How do I design a simultaneous wireless information and power transfer system?

Designing a simultaneous wireless information and power transfer (SWIPT) system enables a single RF signal to deliver both data and energy to a receiver, combining wireless communication and wireless power transfer in the same transmission. The fundamental challenge: information reception requires linear, low-noise processing of the signal (to accurately decode the data), while power harvesting requires nonlinear rectification (to convert the RF signal to DC). These two functions have conflicting requirements: information decoding is optimized at low power levels with high SNR, while energy harvesting needs maximum power delivery.
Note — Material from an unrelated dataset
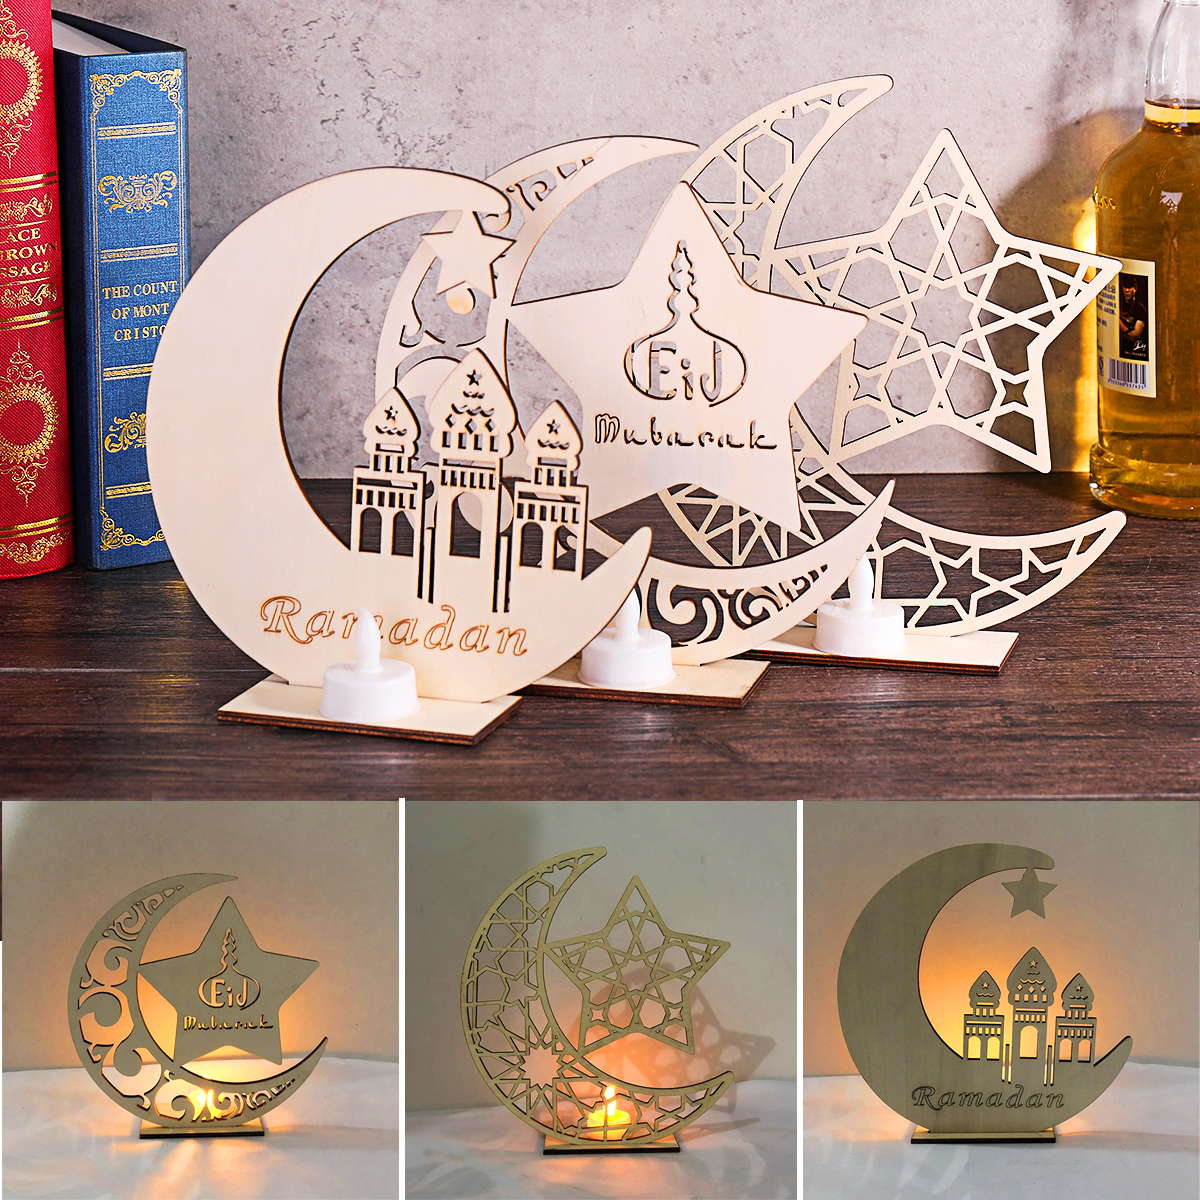 3 Types Eid Mubarak Moon Decoration Wooden Islam Mosque Plaque Pendant Ramadan Decorations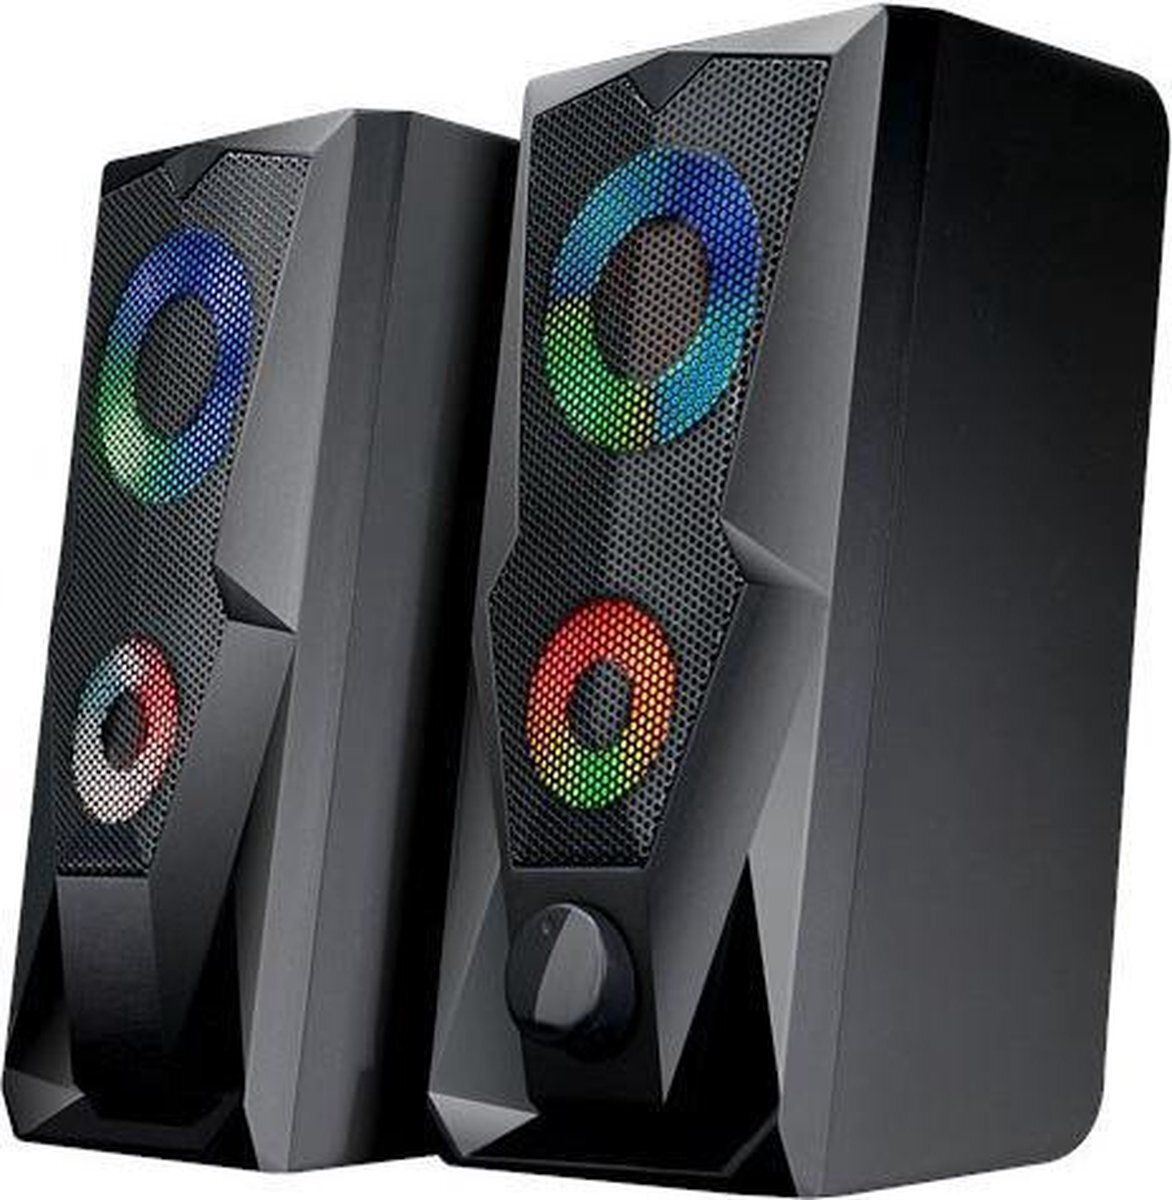 battletron Gaming Boxen - Speakers met LED - 7 Kleuren LED - Usb aansluiting Jacks - Inclusief kabels pc-speaker kopen? | Kieskeurig.nl | helpt je kiezen

SWIPT receiver architectures: time switching (TS; the receiver alternates between information decoding mode and energy harvesting mode in time; during time slots allocated to energy: the received signal is routed to the rectifier; during data time slots: the signal goes to the information decoder; simple to implement but reduces the effective data rate and the harvested energy (each has less than 100% duty cycle)), power splitting (PS; the received signal is split by a power divider: rho fraction goes to the information decoder, (1-rho) fraction goes to the energy harvester; both operate simultaneously; the splitting ratio rho is optimized to balance the data rate and the harvested power; the tradeoff: more power to the harvester improves energy but reduces the signal available for decoding), and separate antenna (SA; dedicated antennas for information reception and energy harvesting; no interference between the two functions; requires more physical space for additional antennas).